Годы спустя французский военный посланник в Иране Огюст Бонтема-Лефорт сочинил историю, что русские солдаты разграбили Эчмиадзинский монастырь. В то время как Баба-хан столь горячо любил армян, что и даже мизинцем не прикоснулся к сокровищам Эчмиадзина. На самом же деле, как мы уже знаем, все армянские святыни из знаменитого монастыря уцелели только потому что их смог вывезти в Грузию, а не оставил на разграбление алчным персам Цицианов. Ну, а то, что вывезти не удалось, было немедленно разграблено персами. Когда в марте 1805 года, после завоевания Ширака (Памбакской и Шурагельской областей), в Эчмиадзин вошел отряд генерала-майора Несветаева, то взору русских солдат предстал полностью разграбленный персами монастырь… И хотя историкам все это давно известно, но до сих пор по страницам западной печати ходит лживая история, некогда придуманная французом.

…Итак, 14 сентября отряд был уже в Грузии. Войска наконец-то получили возможность отдохнуть и привести себя в порядок.

Что касается Цицианова, то он очень сильно переживал за эриванскую неудачу. В узком кругу лейтенант говорил так:

– На свою беду, я стал вторым русским генералом, коий не смог взять крепости и, сняв осаду, ушел от нее с позором. Первым был князь Голицын под Хотином в 1769 году, и вот теперь я пополнил этот список неудачников!

Императору Александру Цицианов отправил покаянное письмо, в котором всю вину за неудачу с Эриванью взял на себя.

В ответ император прислал утешительное послание: «…многие отдадут справедливость как предприимчивости духа вашего, так и тому что вы столь малыми силами так много сделали в одну кампанию».

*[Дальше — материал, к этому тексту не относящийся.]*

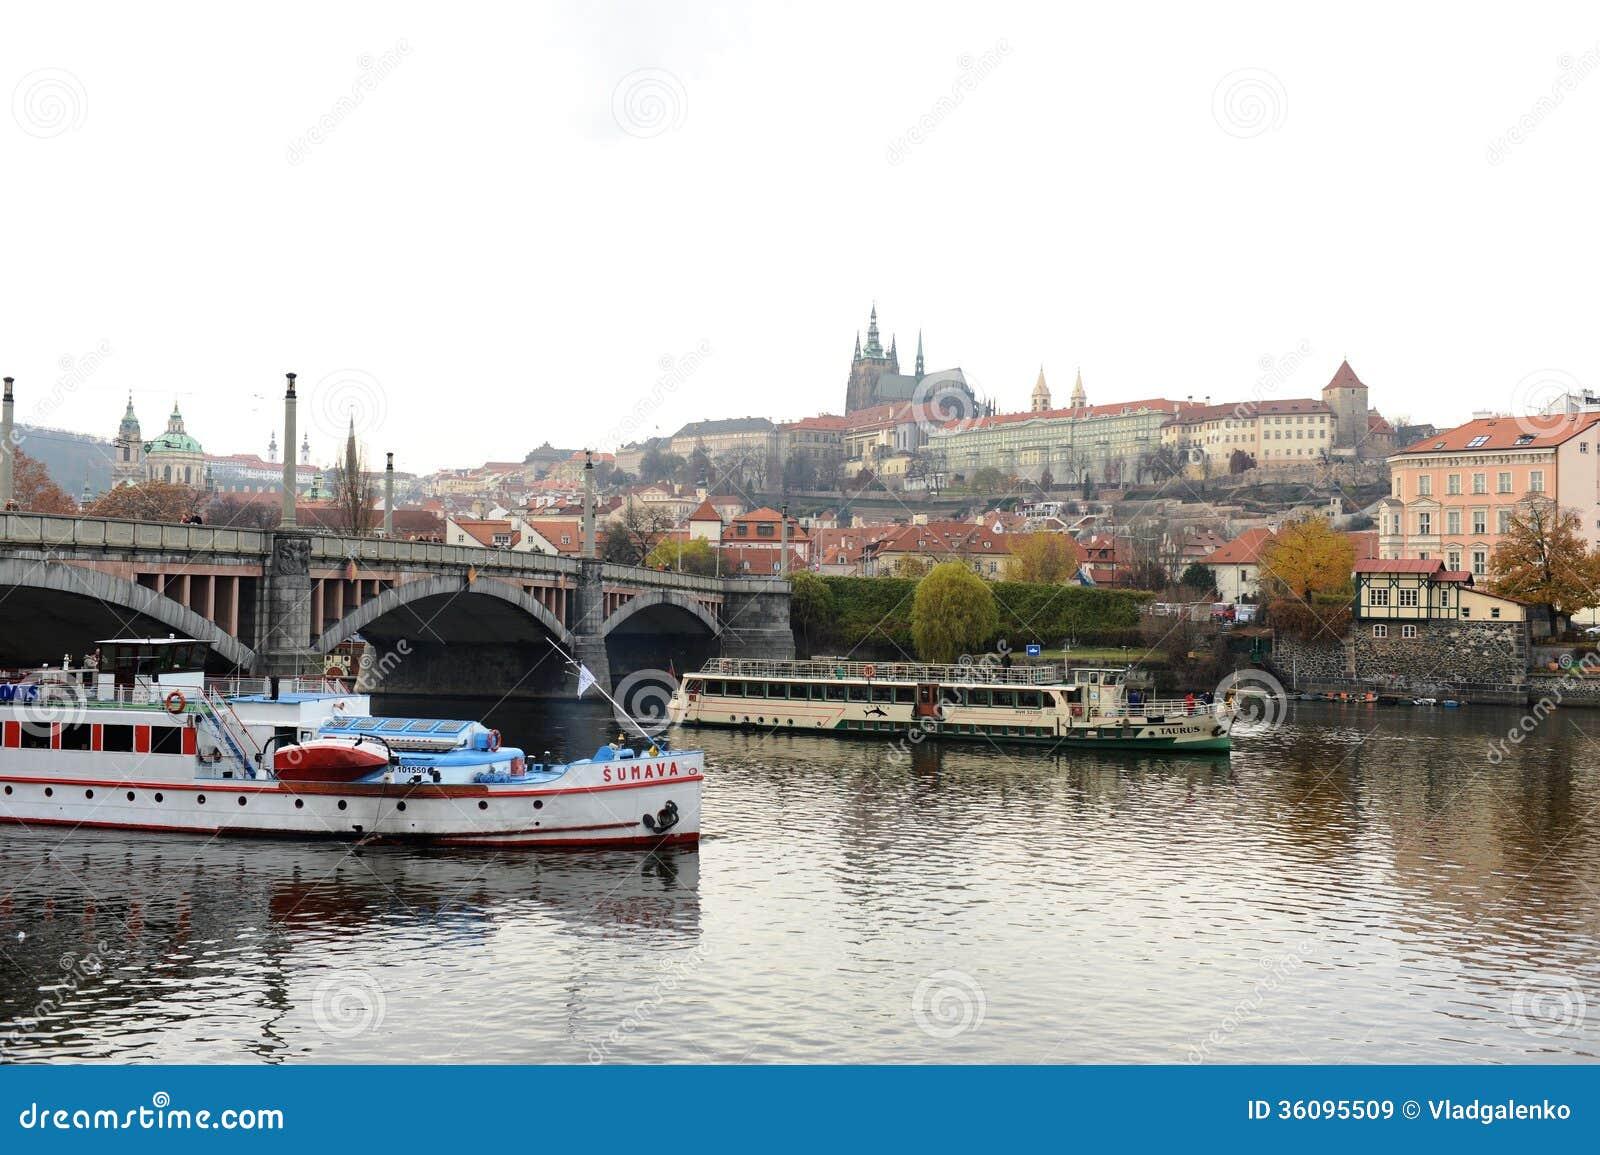 Prague Cultural Center

К письму император приложил орден Святого Владимира высшего – 1‑го класса и соответствующий указ.

Что касается судьбы недоброжелательного к России Мехмед-хан Эриванского, то он свое получил. Подозревая Мехмед-хана в двуличности и потенциальной измене, шах схватил Мехмед-хана и со всем семейством и отправил в тегеранскую тюрьму.

Союзник Мехмед-хана, с которым он находился в искренней дружбе, Киал-балы-хан Нахичеванский был одним из самых благоразумнейших ханов Персии, хотя также не расположенный к России.

Мир-Мустафа-хан Талышинский – человек, соединявший с наивностью относительную честность. Впрочем, малость его владений делала его ничего не значащим в Персии. Хотя Мир-Мустафа и находился с давних пор под покровительством России, хотя он получал от нас несколько раз помощь и убежище на военном фрегате, стоявшем у Энзелинского залива, но все это не помешало ему, однако же, во время Эриванской экспедиции князя Цицианова дать Фетх-Али в помощь свои войска, действовавшие против нас. Остальные ханы хотя и могли считаться нам преданными, но за то не имели никакого значения в Персии.

* * *

Вернувшись в Тифлис и наведя там порядок, князь Цицианов все еще питал надежду, что ему удастся расширить пределы России путем мирных переговоров с шахом.

«Я дерзнул, – писал он канцлеру, – принять правило противное прежде бывшей здесь системе и вместо того, чтобы жалованьем и подарками, определенными для умягчения горских народов, платить некоторый род дани за мнимое их подданство, я сам требую даней».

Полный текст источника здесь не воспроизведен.